Reproduce the whole listing word for word. Leave every image out.

*Data excerpt*.

####################

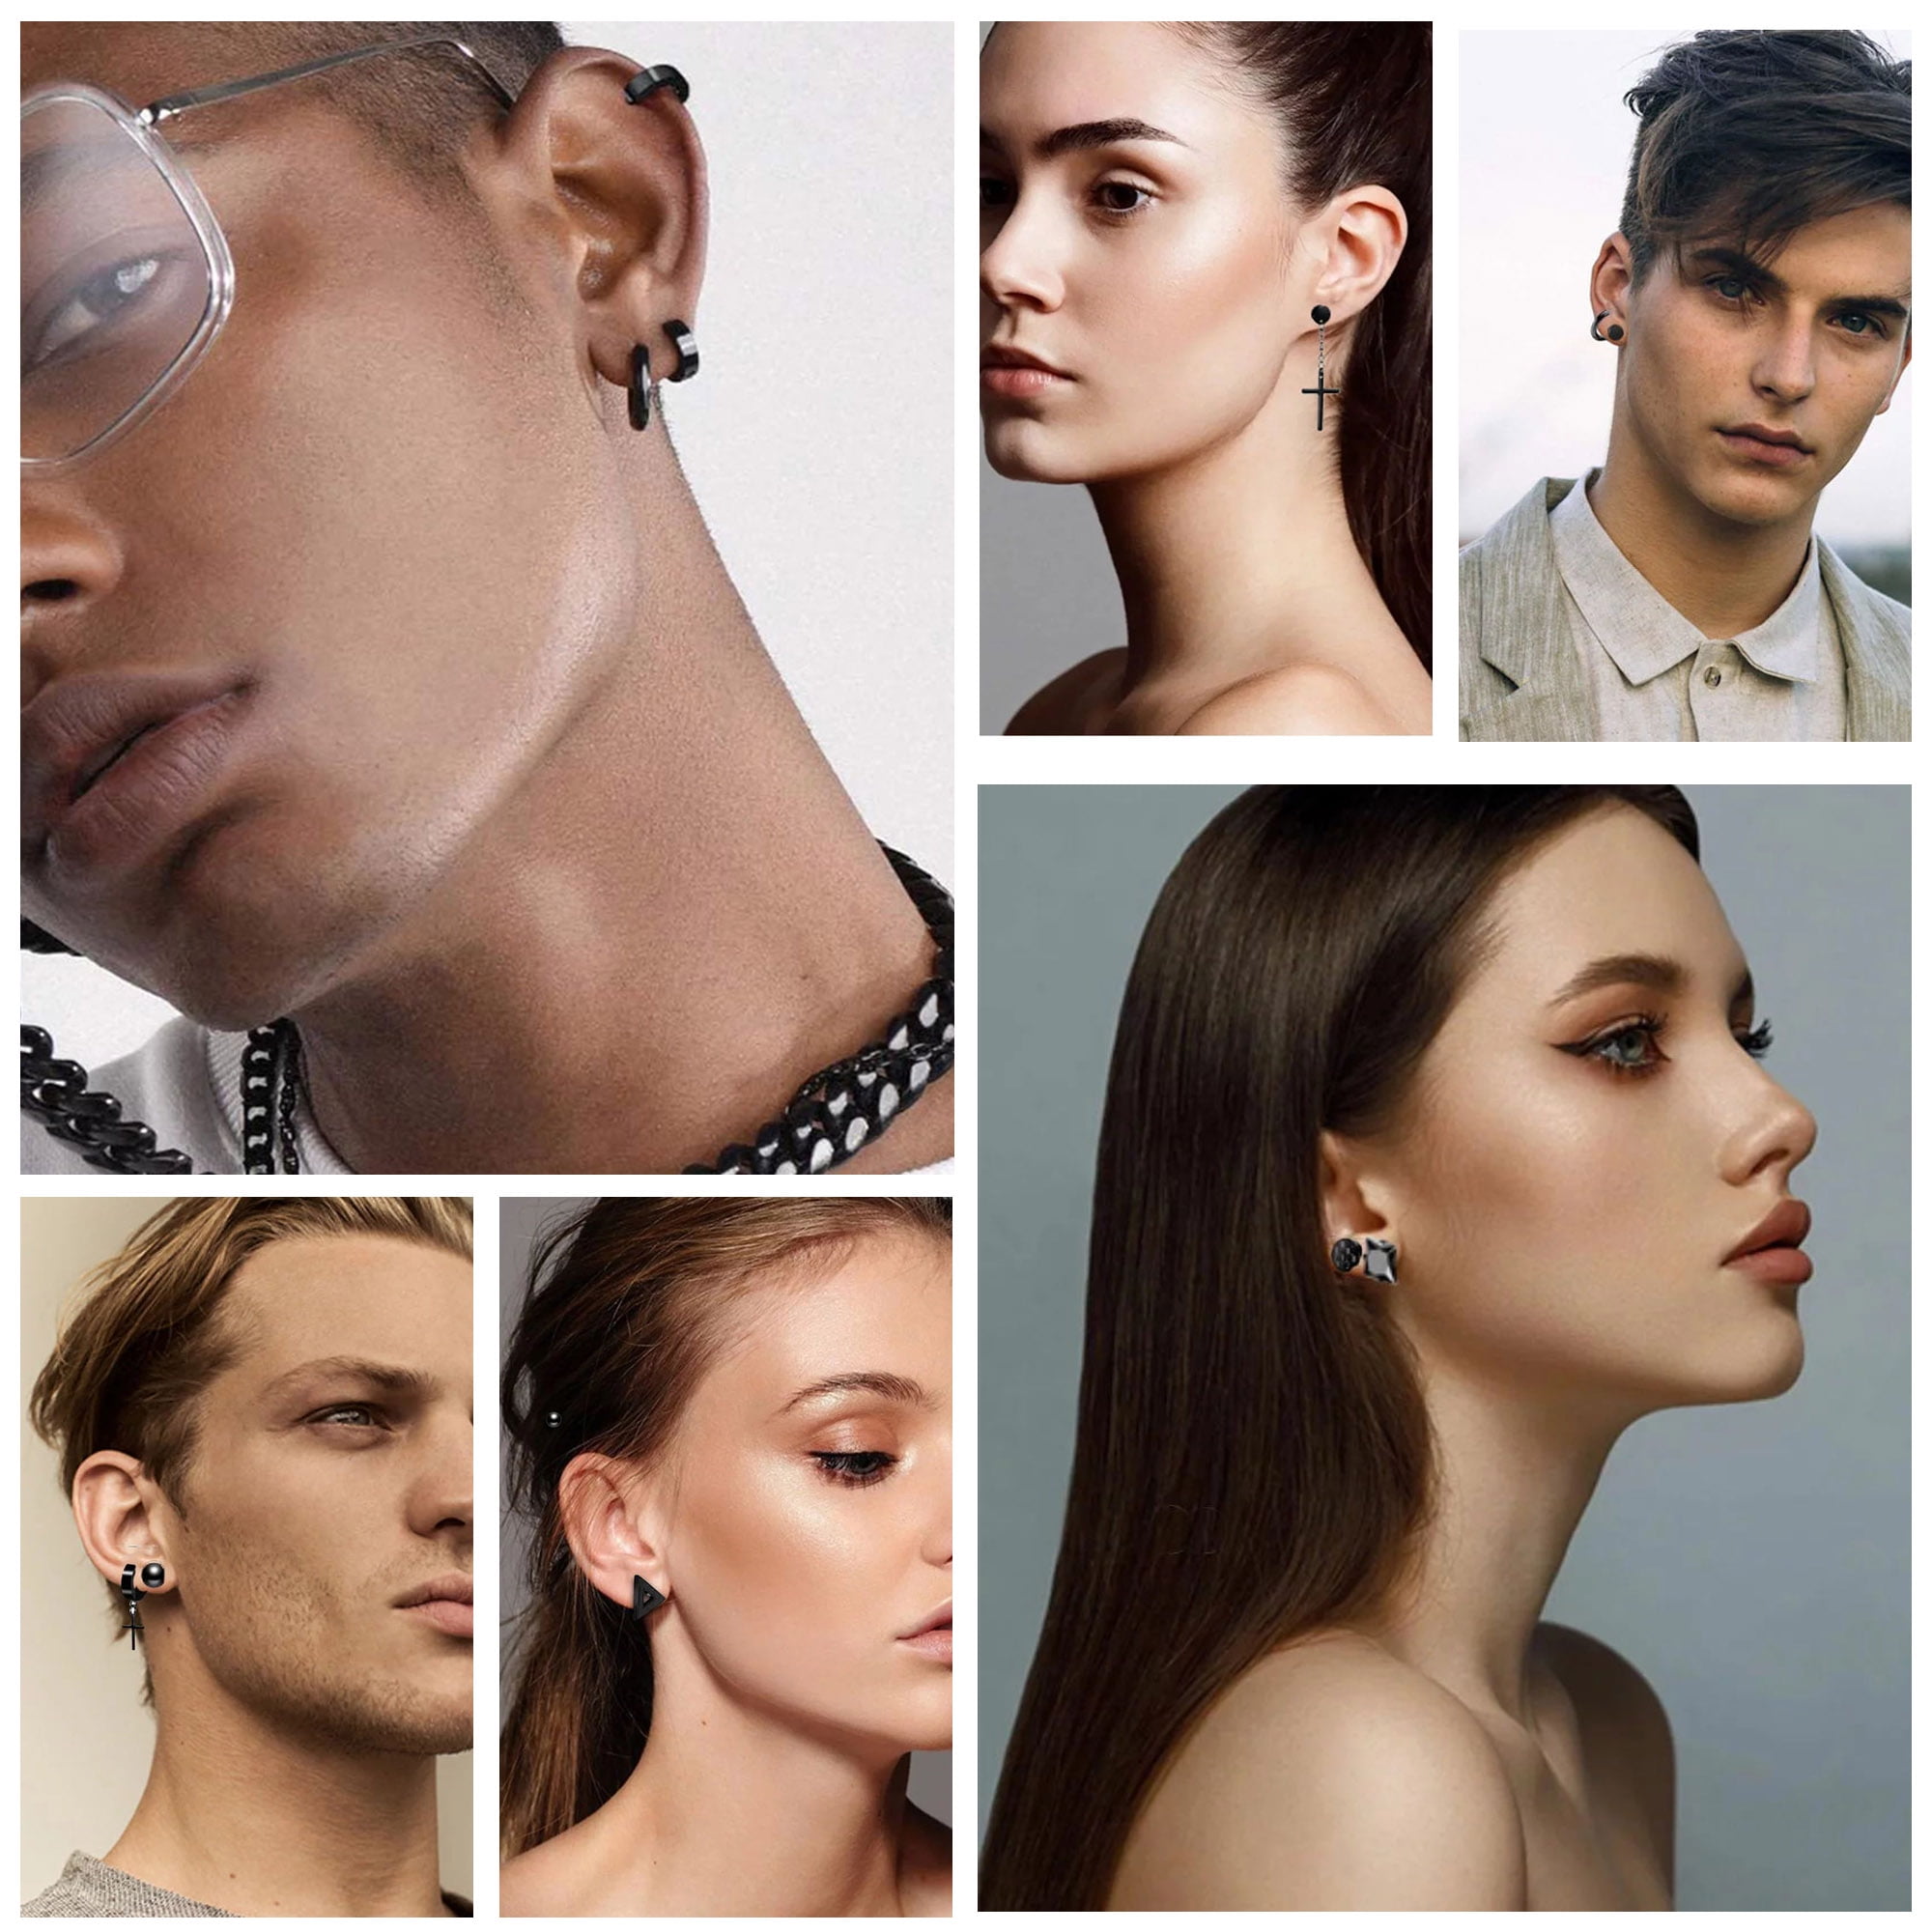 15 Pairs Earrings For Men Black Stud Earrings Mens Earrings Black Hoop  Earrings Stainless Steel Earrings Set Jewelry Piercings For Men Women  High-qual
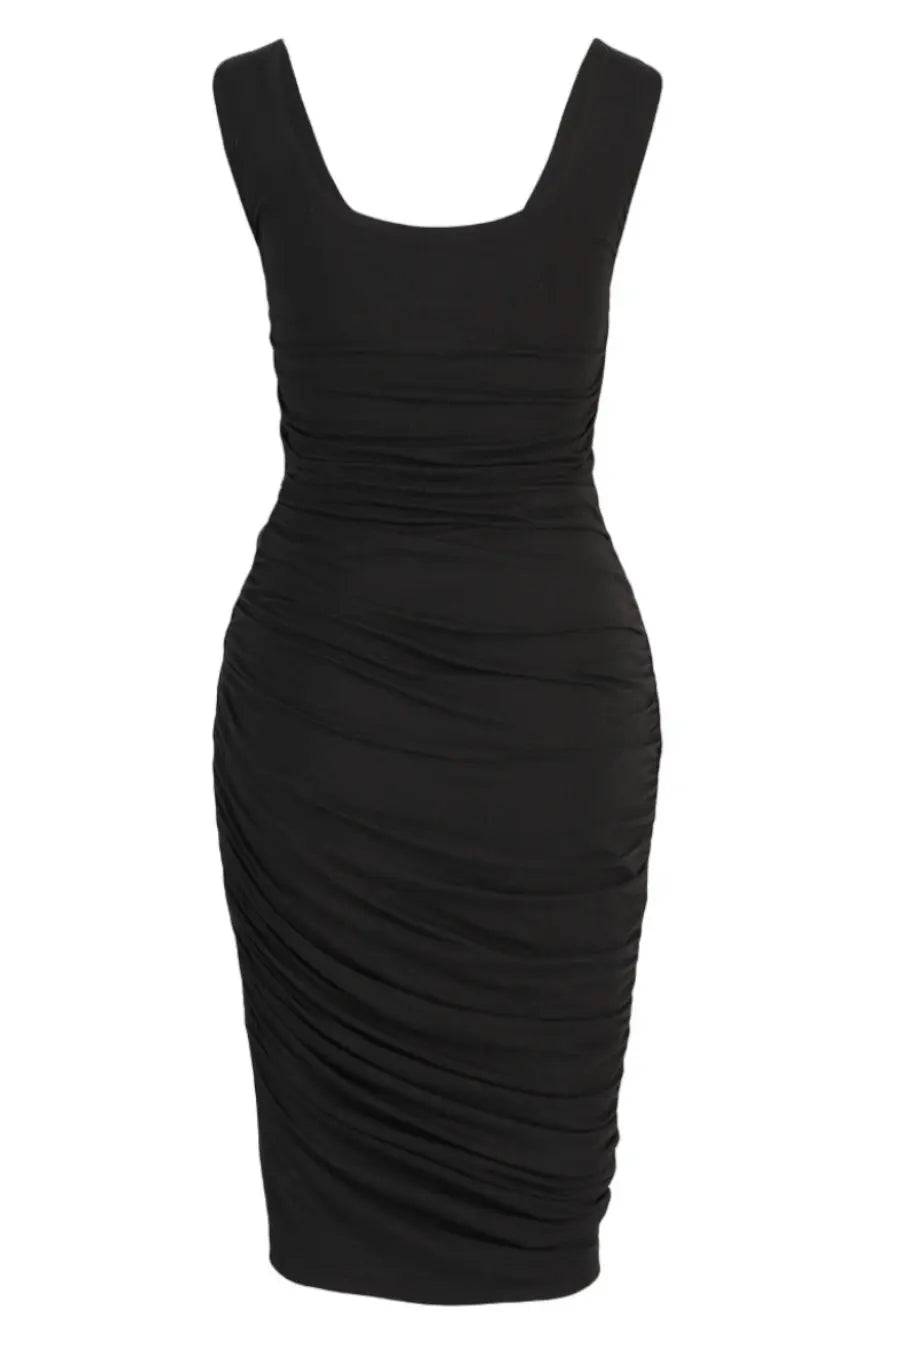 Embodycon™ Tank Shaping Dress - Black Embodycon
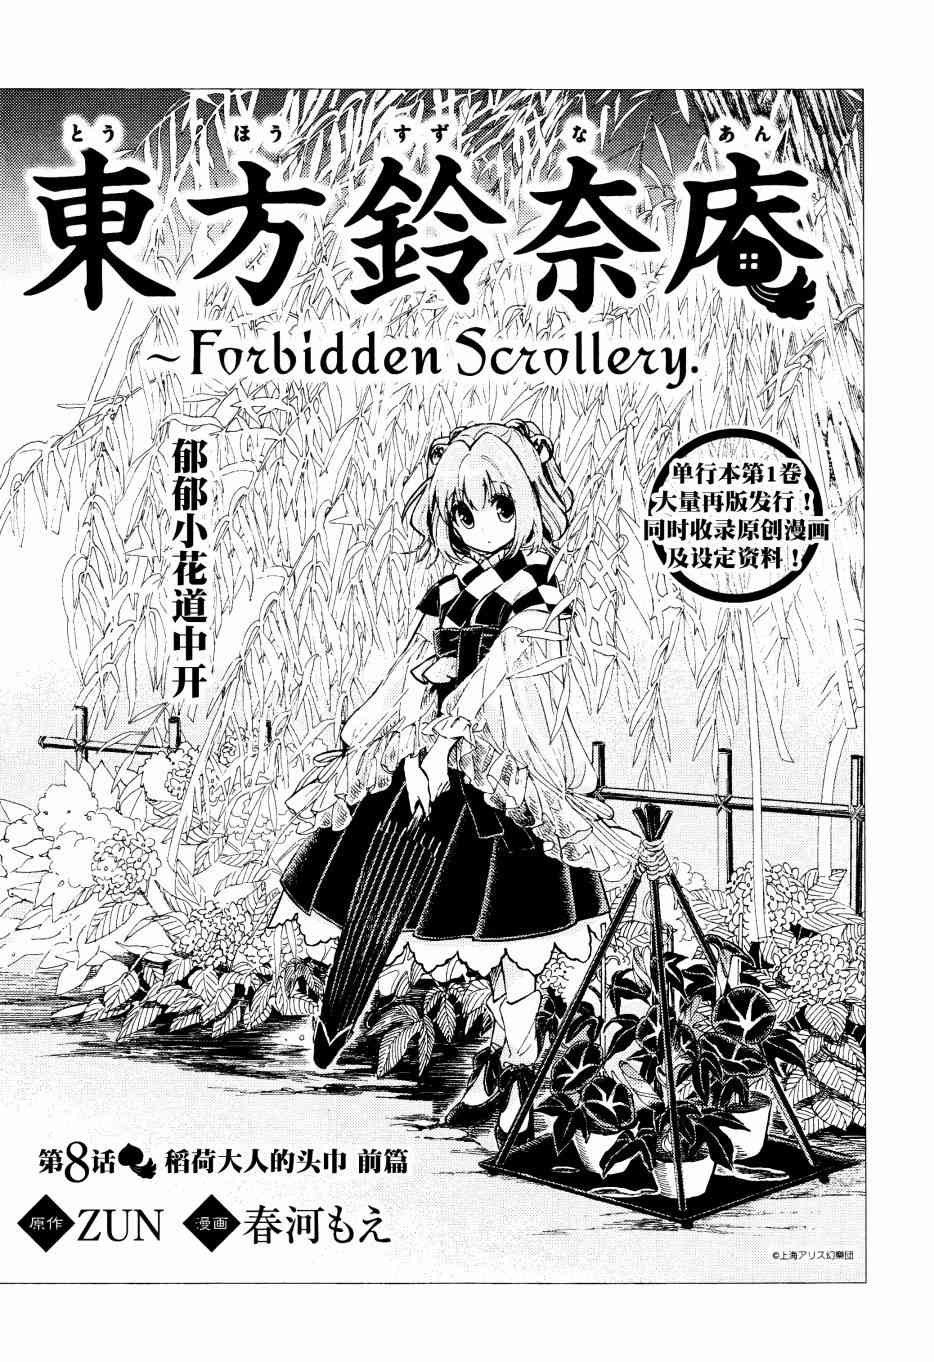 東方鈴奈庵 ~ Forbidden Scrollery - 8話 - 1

####################

*Output of the exercise*.
 15 Pairs Earrings For Men Black Stud Earrings Mens Earrings Black Hoop  Earrings Stainless Steel Earrings Set Jewelry Piercings For Men Women  High-qual
 Embodycon™ Tank Shaping Dress - Black Embodycon
 東方鈴奈庵 ~ Forbidden Scrollery - 8話 - 1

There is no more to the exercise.